→ Problem description
Omit all pictures. Quote the lines from the one with "فستان زواج جديد من محل رهيد ( لم يلبس )" through the end of the listing below, exactly as they appear.

→ Information provided
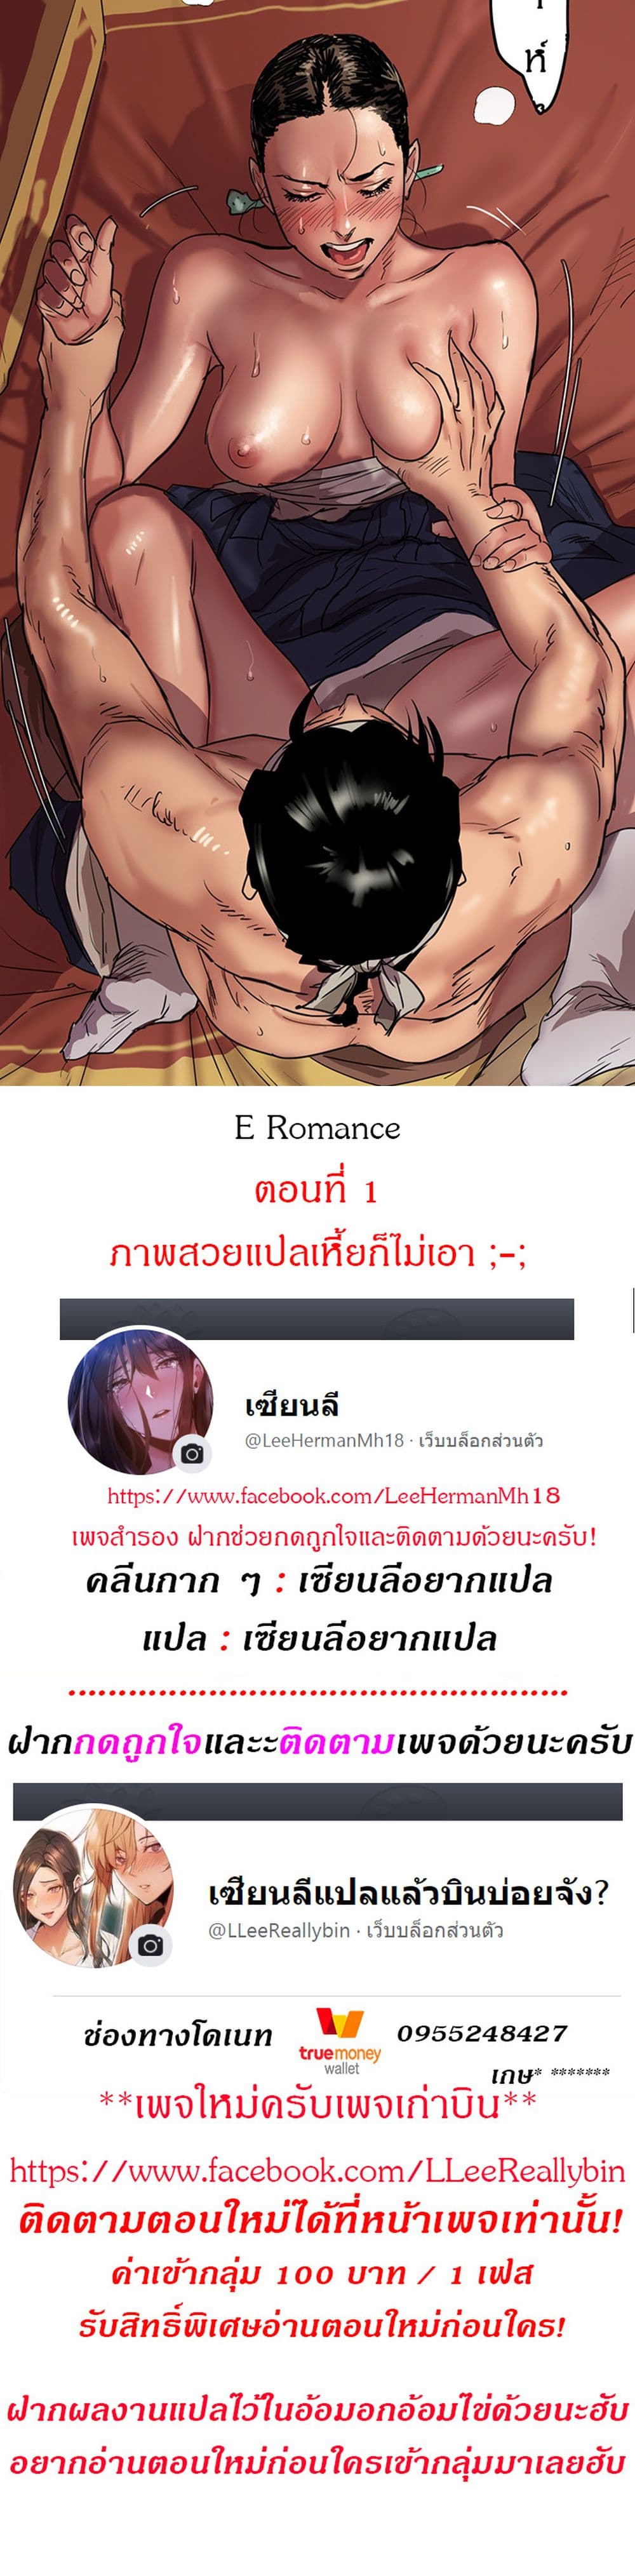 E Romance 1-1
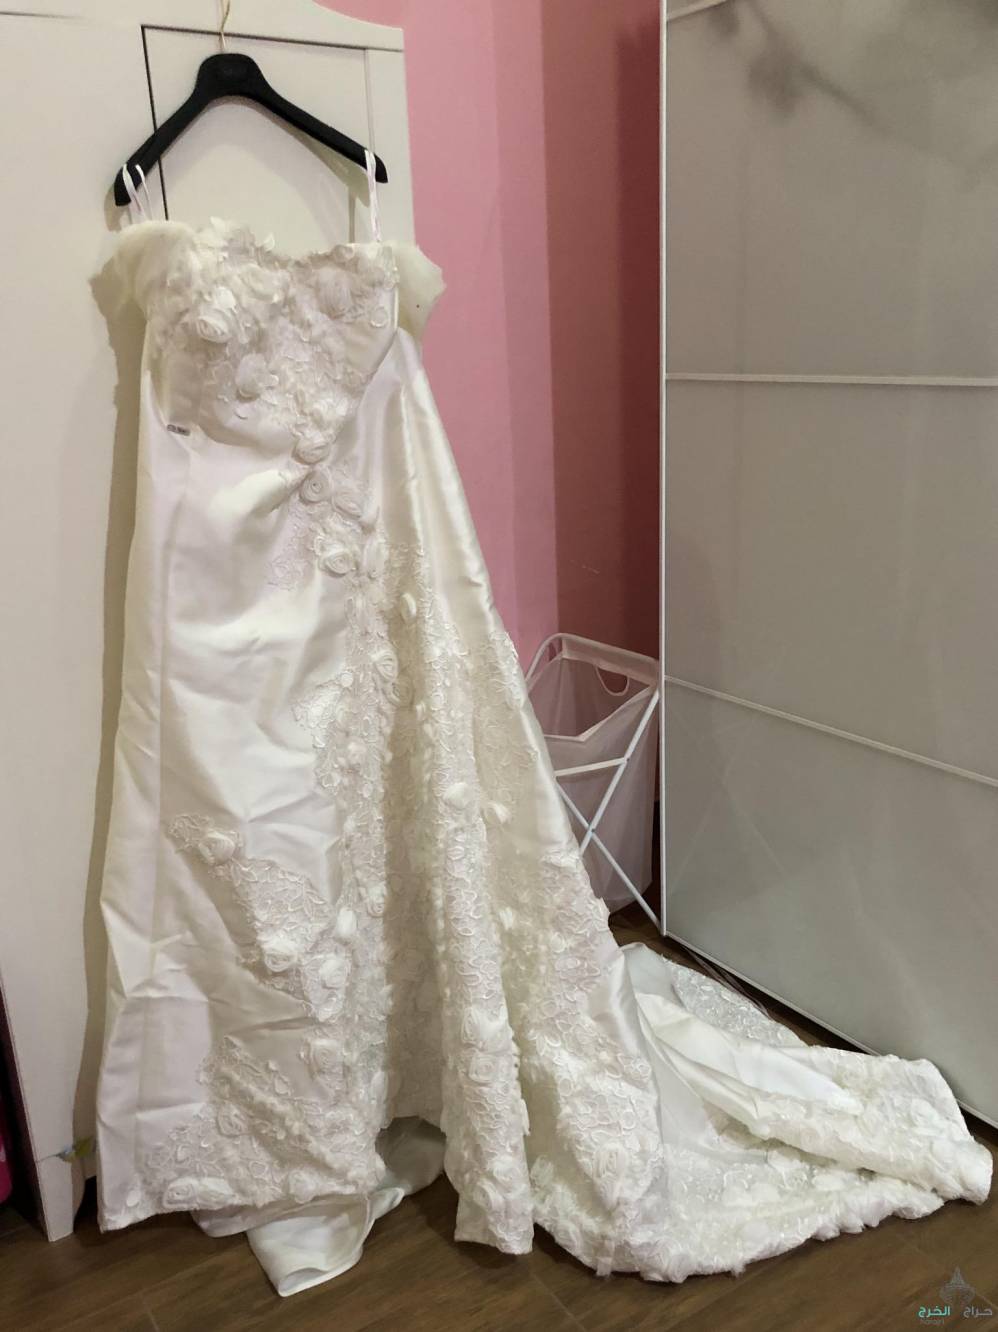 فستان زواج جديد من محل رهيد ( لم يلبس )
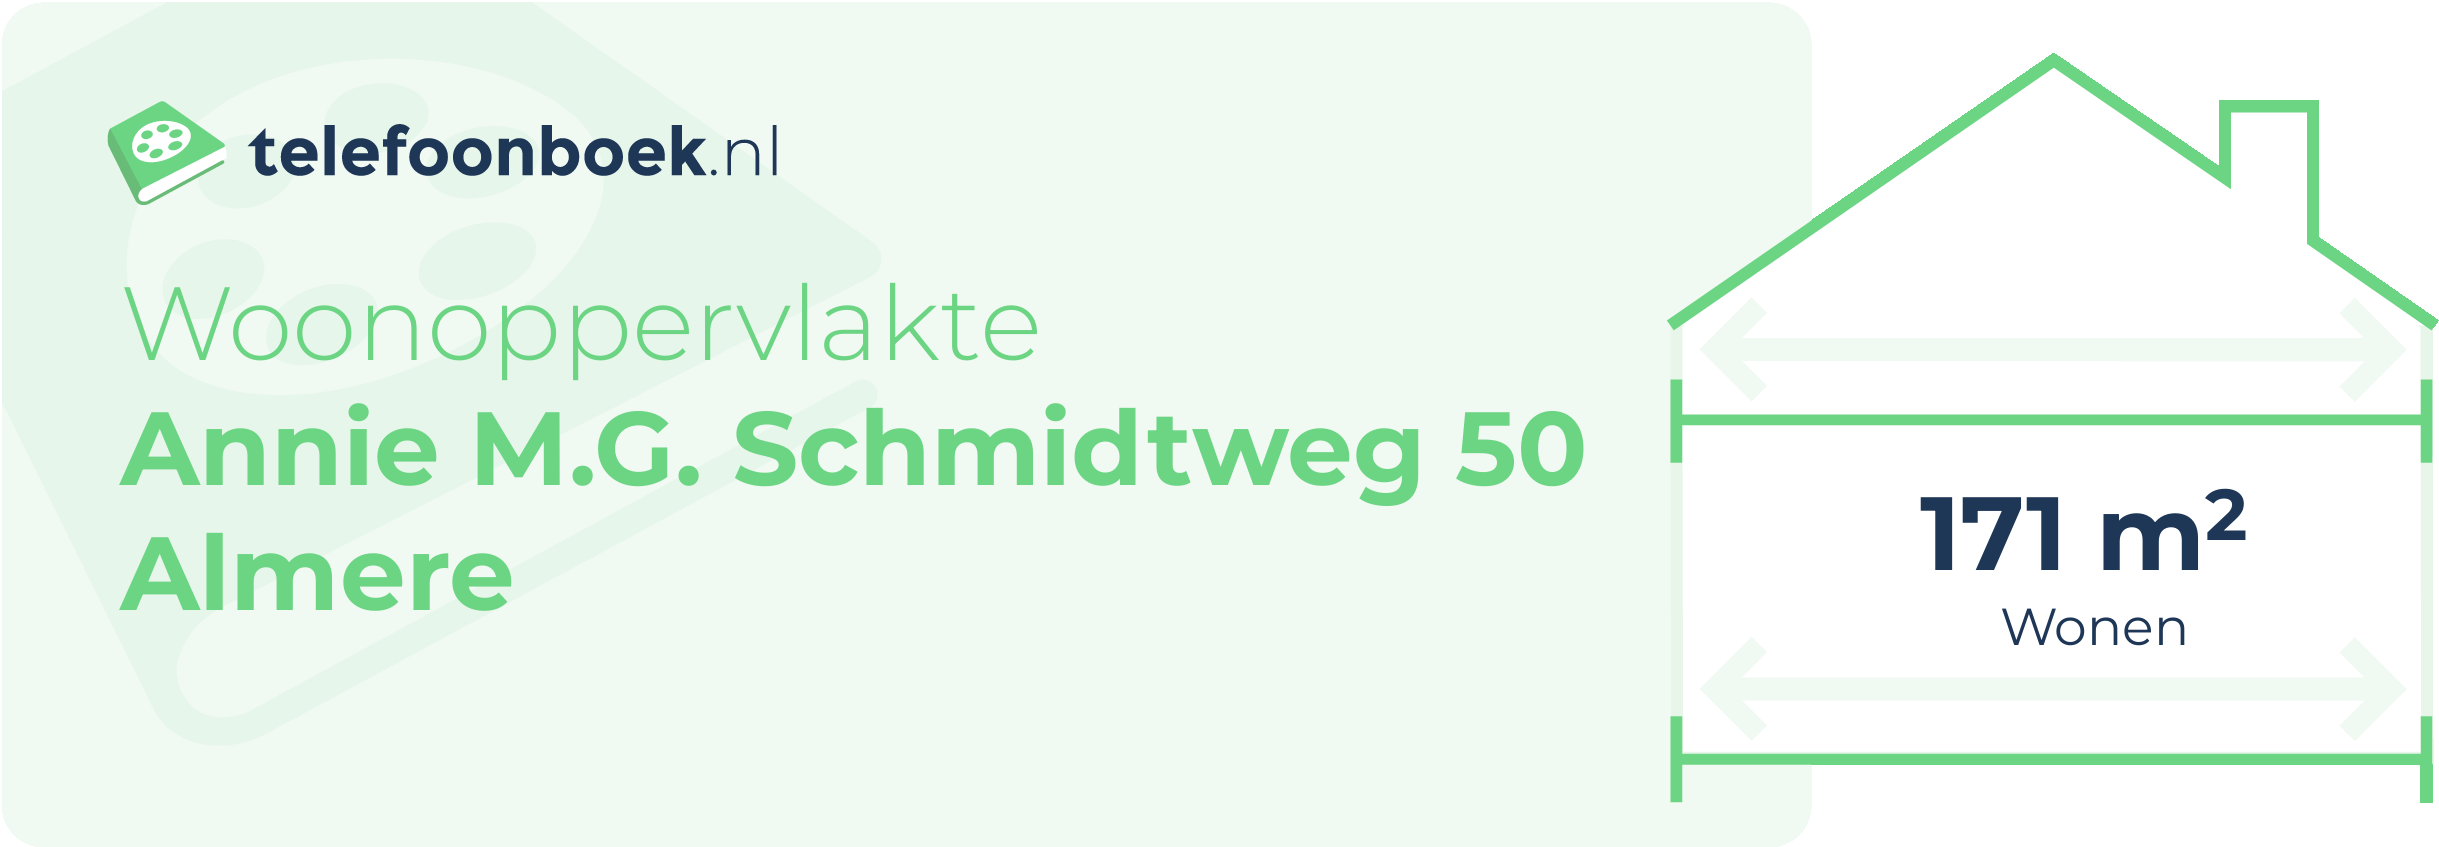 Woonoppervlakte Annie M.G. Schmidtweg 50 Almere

→ Exercise response
 فستان زواج جديد من محل رهيد ( لم يلبس )
 Woonoppervlakte Annie M.G. Schmidtweg 50 Almere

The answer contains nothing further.